Section 5.1 Number. The Board of Directors shall consist of such number of directors as fixed, from time to time, pursuant to the Bylaws of the Corporation, the exact number to be determined, from time to time, by resolution adopted by affirmative vote of a majority of such directors then in office.

Section 5.2 Powers. Except as otherwise expressly provided by the DGCL or this Certificate of Incorporation, the management of the business and the conduct of the affairs of the Corporation shall be vested in its Board of Directors.

Section 5.3 Election. The directors of the Corporation need not be elected by written ballot unless the Bylaws of the Corporation so provide.

ARTICLE VI

STOCKHOLDER ACTION

Any action that is required or permitted to be taken by the stockholders of the Corporation at any annual or special meeting of stockholders may be effected by written consent of stockholders in lieu of a meeting of stockholders.

ARTICLE VII

SPECIAL MEETINGS OF STOCKHOLDERS

A special meeting of the stockholders of the Corporation may be called at any time only by the Board of Directors, or by the Chairman of the Board of Directors or the Chief Executive Officer.

ARTICLE VIII

EXISTENCE

The Corporation shall have perpetual existence.

ARTICLE IX

AMENDMENT

Section 9.1 Amendment of Certificate of Incorporation. The Corporation reserves the right to amend, alter, change or repeal any provision contained in this Certificate of Incorporation, in the manner now or hereafter prescribed by the laws of the State of Delaware, and all rights conferred herein are granted subject to this reservation.
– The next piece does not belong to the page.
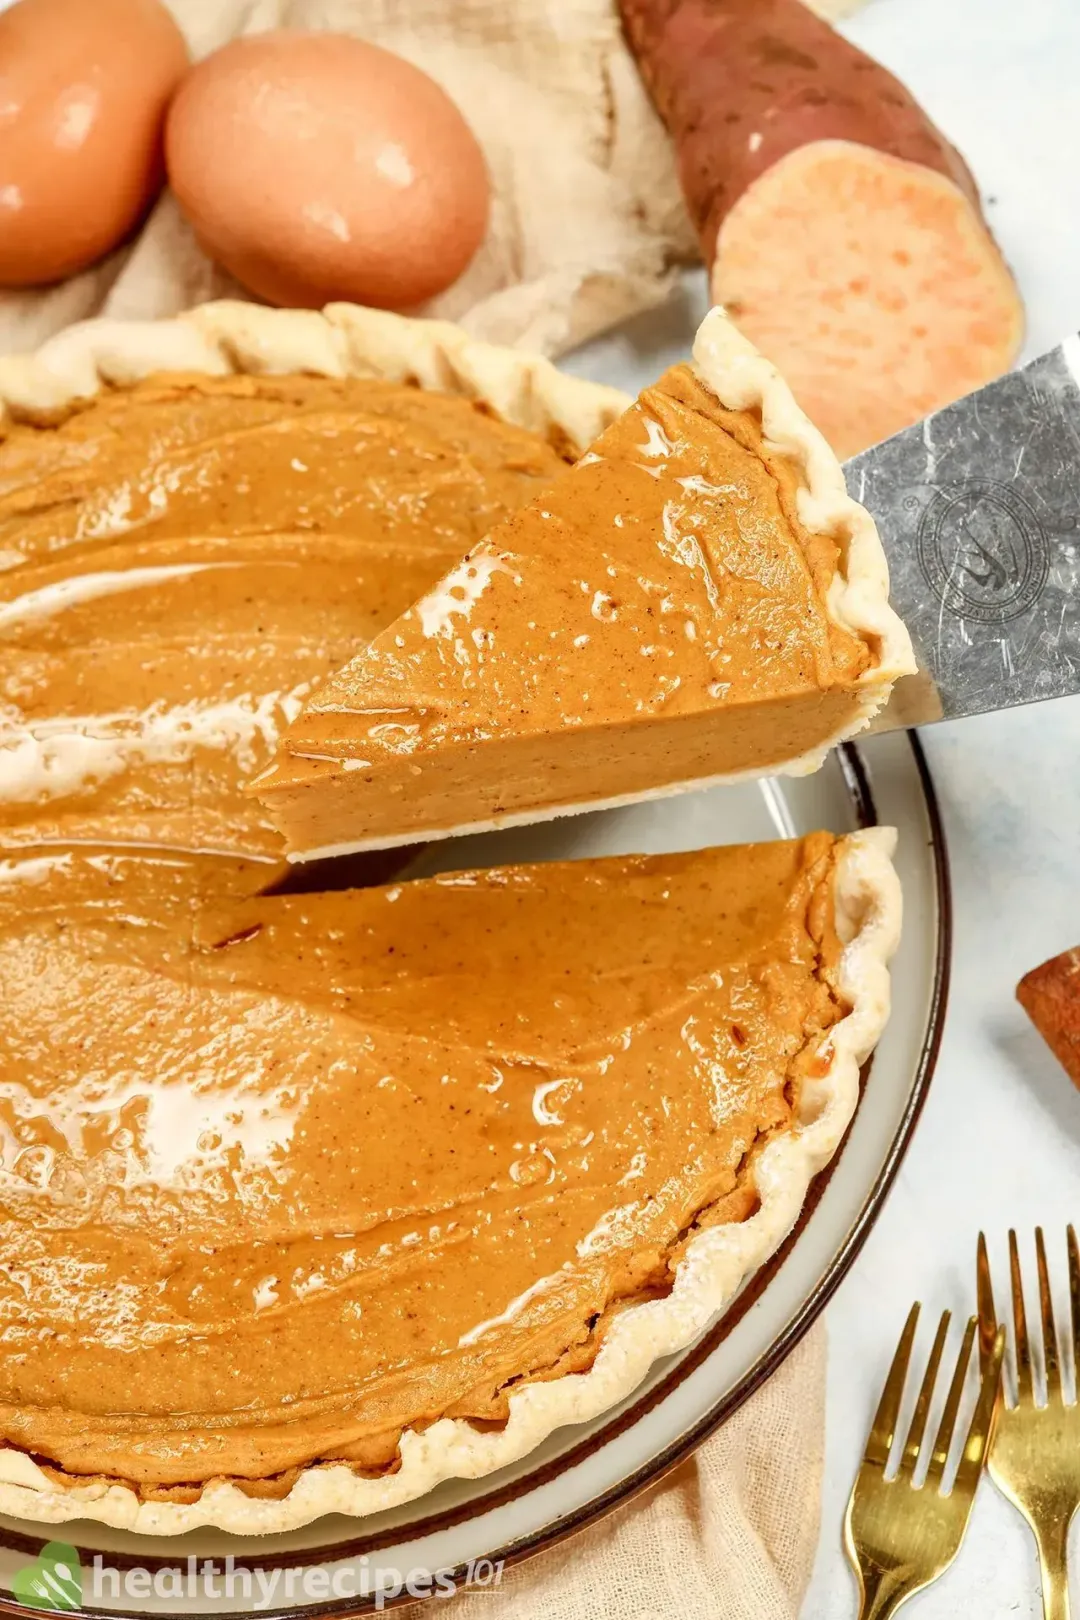 A slice of sweet potato pie being taken from a whole pie with a cake spatula

Section 9.2 Amendment of Bylaws. In furtherance, and not in limitation of the powers conferred by the laws of the State of Delaware, the Board of Directors is expressly authorized to adopt, amend or repeal the Bylaws of the Corporation.

ARTICLE X

LIABILITY OF DIRECTORS

Section 10.1 No Personal Liability. To the fullest extent permitted by the DGCL as the same exists or as may hereafter be amended, no director of the Corporation shall be personally liable to the Corporation or its stockholders for monetary damages for breach of fiduciary duty as a director.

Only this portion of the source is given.